More, you can also indicate how many splits to perform by specifying the second parameter:

>>> ' 1 2 3 4  '.split(None, 2)
['1', '2', '3 4  ']
>>> ' 1 2 3 4  '.split(None, 1)
['1', '2 3 4  ']
K Z
  • 29,661
  • 8
  • 73
  • 78
15

How about:

re.split(r'\s+',string)

\s is short for any whitespace.

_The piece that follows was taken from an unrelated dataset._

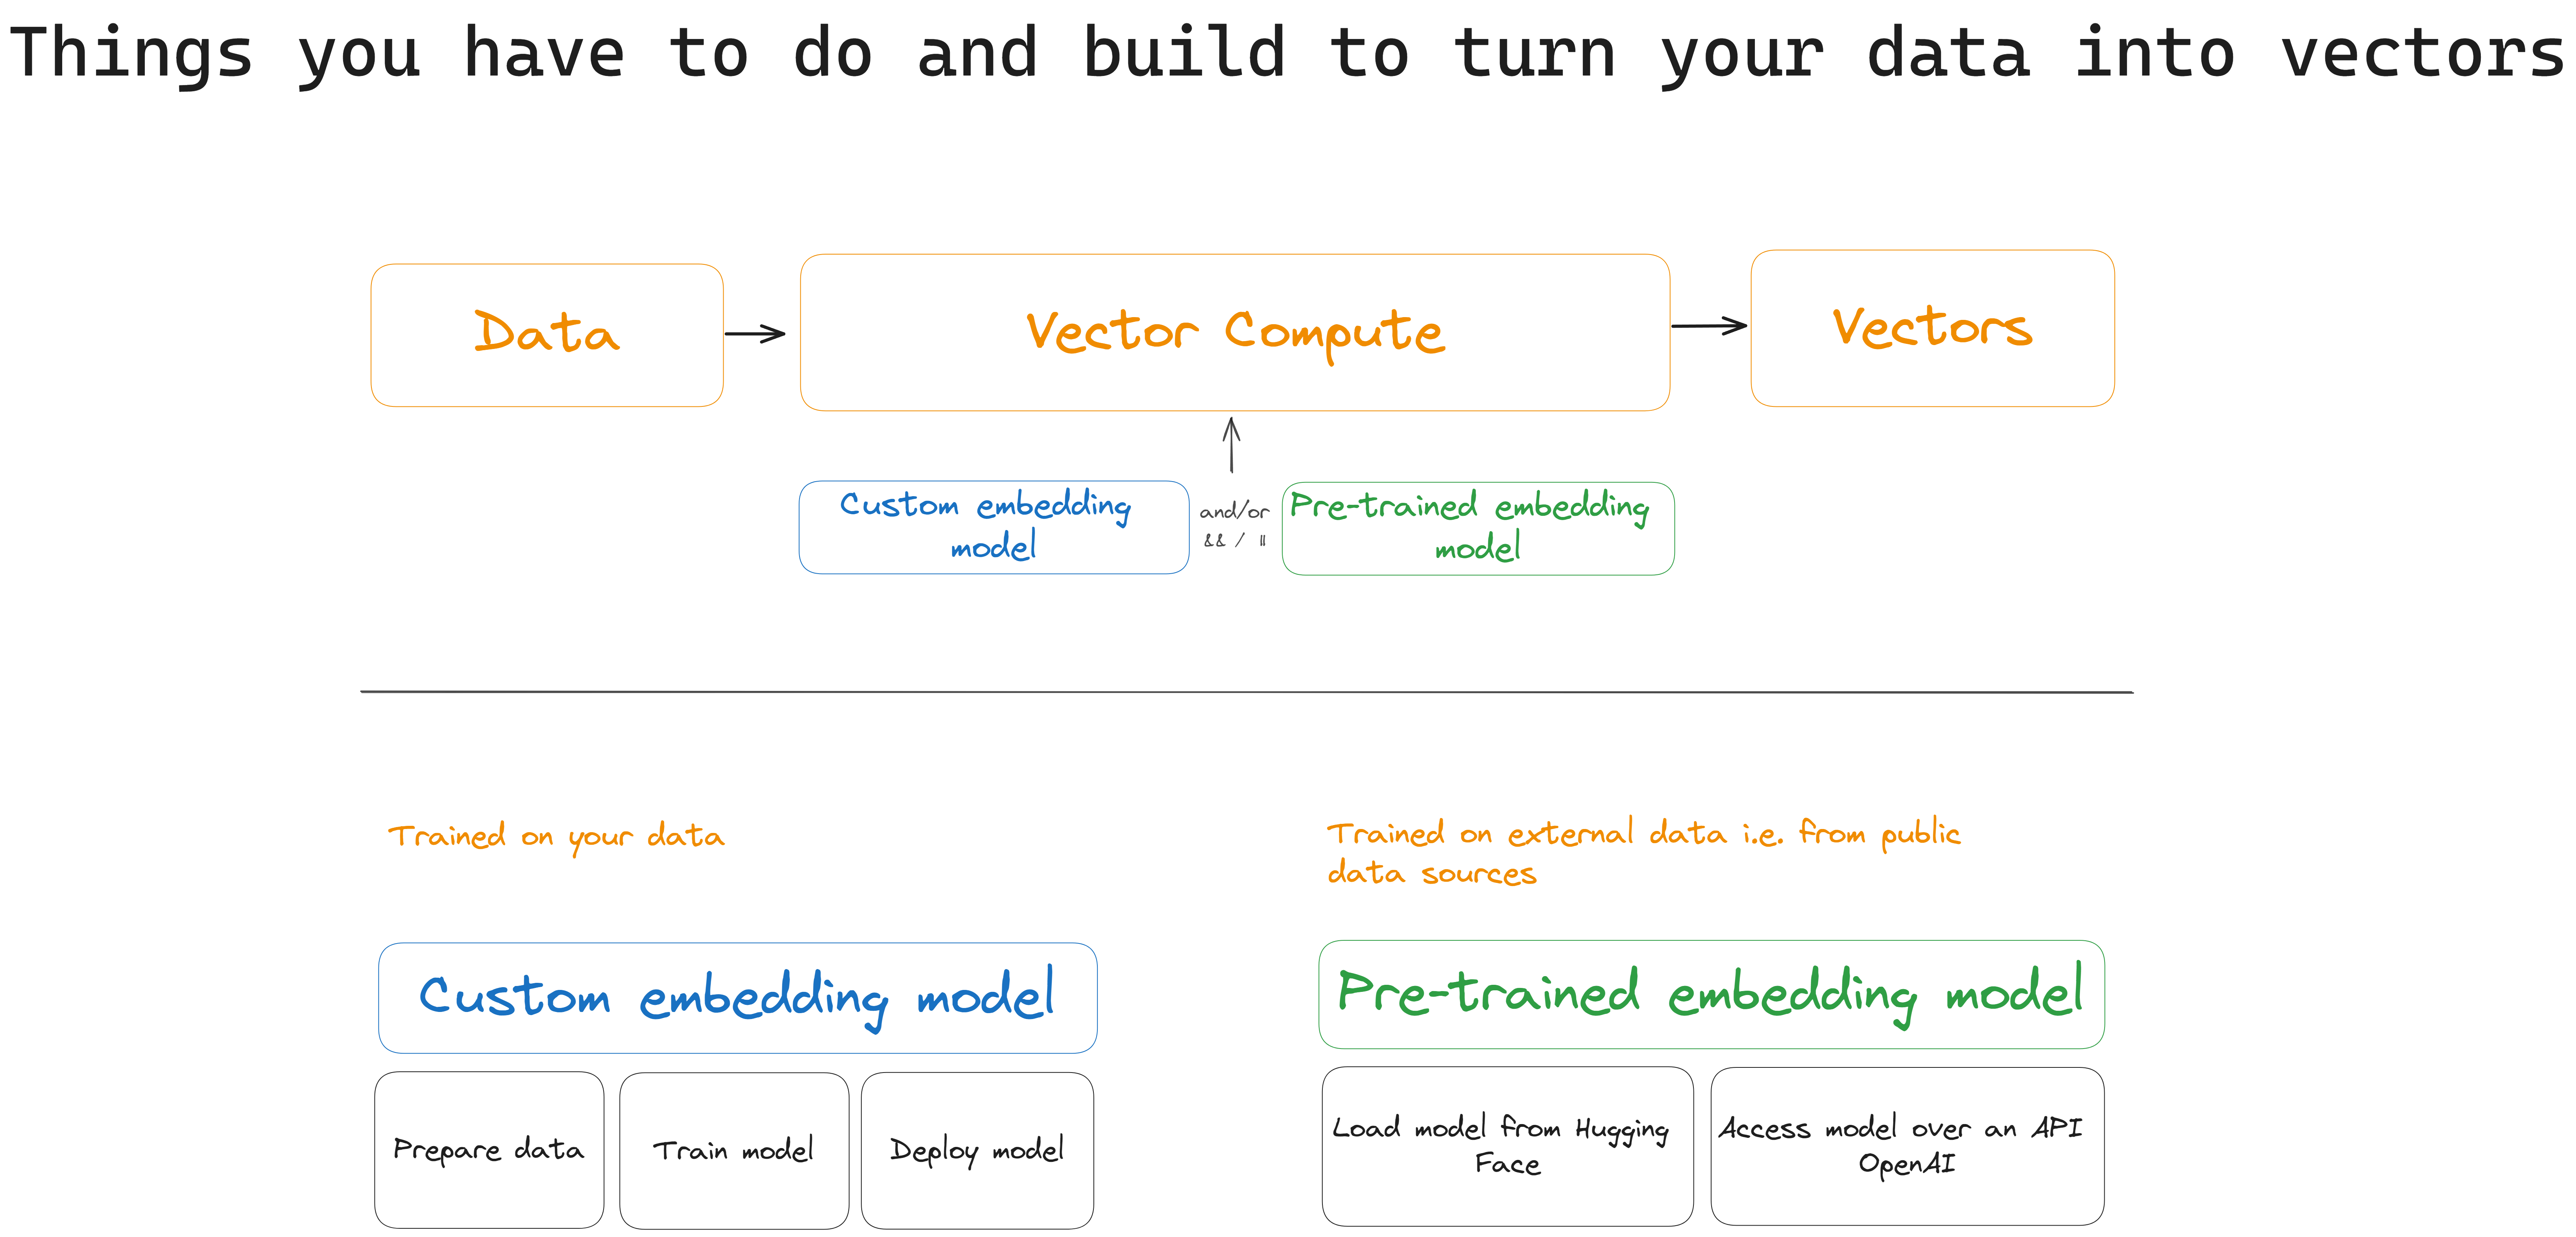 Things you have to do and build to turn your data into vectors

So \s+ is a contiguous whitespace.

codaddict
  • 445,704
  • 82
  • 492
  • 529
8

Use string.split() without an argument or re.split(r'\s+', string) instead:

>>> s = 'some words in a string   with  spaces'
>>> s.split()
['some', 'words', 'in', 'a', 'string', 'with', 'spaces']
>>> import re; re.split(r'\s+', s)
['some', 'words', 'in', 'a', 'string', 'with', 'spaces']

From the docs:

If sep is not specified or is None, a different splitting algorithm is applied: runs of consecutive whitespace are regarded as a single separator, and the result will contain no empty strings at the start or end if the string has leading or trailing whitespace. Consequently, splitting an empty string or a string consisting of just whitespace with a None separator returns [].

ThiefMaster
  • 310,957
  • 84
  • 592
  • 636
3
>>> a = "some words in a string"
>>> a.split(" ")
['some', 'words', 'in', 'a', 'string']

split parameter is not included in the result, so i guess theres something more about your string. otherwise, it should work

if you have more than one whitespace just use split() without parameters

>>> a = "some words in a string     "
>>> a.split()
['some', 'words', 'in', 'a', 'string']
>>> a.split(" ")
['some', 'words', 'in', 'a', 'string', '', '', '', '', '']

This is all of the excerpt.